The bash scripts and config files are set with this path as input data and outputs/ as output. This can be changed with the appropriate paths.
The code required for the video model is based on DiffSynth-Studio and is in the video folder
Training is done though the Wan2.2_train.sh script and can be ran as follows:
cd video
. Wan2.2_train.sh
The config is done through the arguments in the bash script
Inference is done though the Wan2.2_test.sh script and can be ran as follows:
cd video
. Wan2.2_test.sh
The config is done through the arguments in the bash script
The code required for the image model is in the image folder
Training is done though the train_conditioned_DM.py script and can be ran as follows:
cd image
python train_conditioned_DM.py balls
Where balls is a config defined in train_config.py
Similarly, inference of a dataset is done through:
cd image
python test_sphere.py balls
Where balls is defined in test_config.py
The code for the HDR optimization is in the HDRMerge subfolder.

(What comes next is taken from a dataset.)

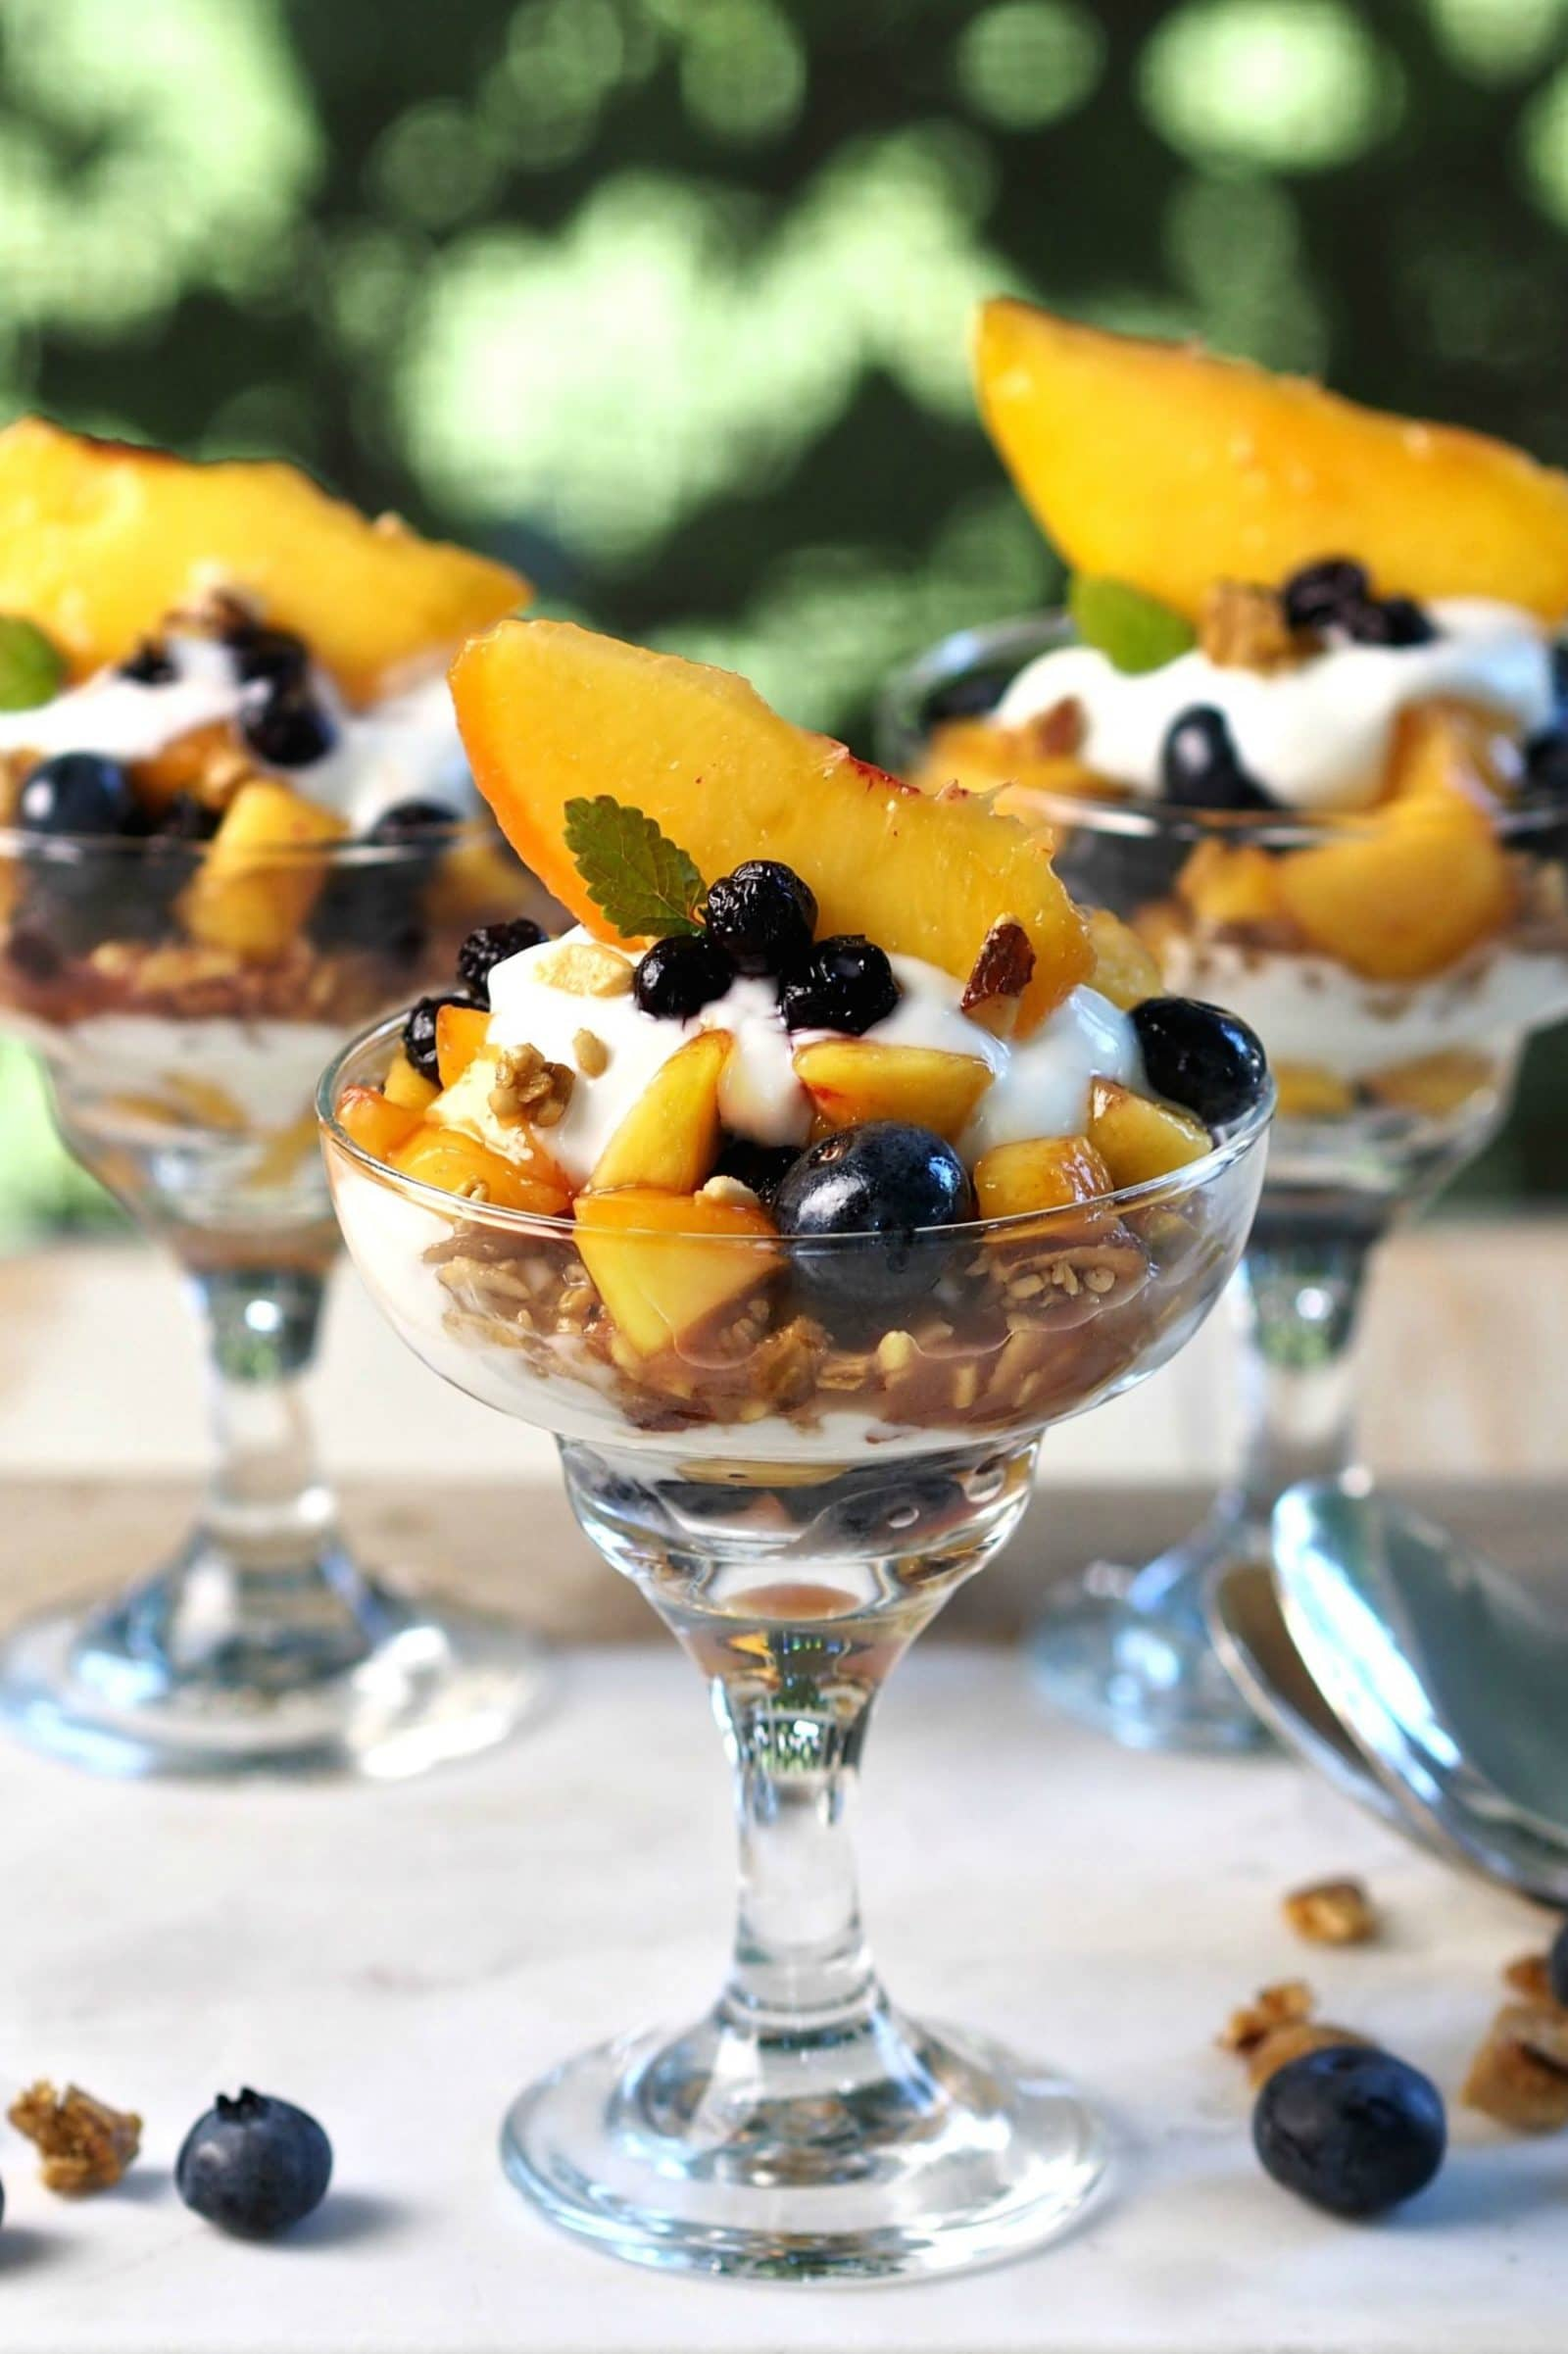 Blueberry Peach Yogurt Parfaits - the perfect healthy breakfast or dessert. Fresh fruit, Greek yogurt, Maple Granola - smooth, naturally sweet & crunchy. Simply Sated

Again, the code is distinct for the image or video model
It uses a Pyramid of Laplacian for the HDR equirectangular and samples randomly the EV and sphere type from the predictions.
For image model:
cd HDRMerge
. merge_image.sh
For video model:
cd HDRMerge
. merge_video.sh
There also is a script to HDR merge the GT, which uses the GT rendered exr rgb. This is done as blender's hdr equirectangular render ignore some direct view light sources, whereas they show in the mirror sphere.
cd HDRMerge
. merge_gt.sh
The code for the HDR optimization is in the metrics subfolder.
To obtain the metrics from the paper, the optimized HDRi must first be used to relight a test scene.
The script render_metrics.py uses the blend file test_scene.blend and sets the optimized HDR as world lighting before rendering.
The script is run as such for the image predictions:
cd metrics
python render_metrics.py --blender_path [path to blender executable] --data_path ../outputs/classroom_image
--data_path can be changed to ../outputs/classroom_video for video predictions and to ../datasets/classroom for GT.
Once the test scene is rendered for both the GT and predictions, the metrics from the paper can be obtained with the two following bash by setting the correct paths.
python metrics_renders_separate.py --gt ../datasets/classroom --pred ../outputs/classroom_image
python metrics_renders_separate_time.py --gt ../datasets/classroom --pred ../outputs/classroom_image
--pred can be changed to ../outputs/classroom_video for video predictions.
Those same render and metrics scripts are used for both image and video models.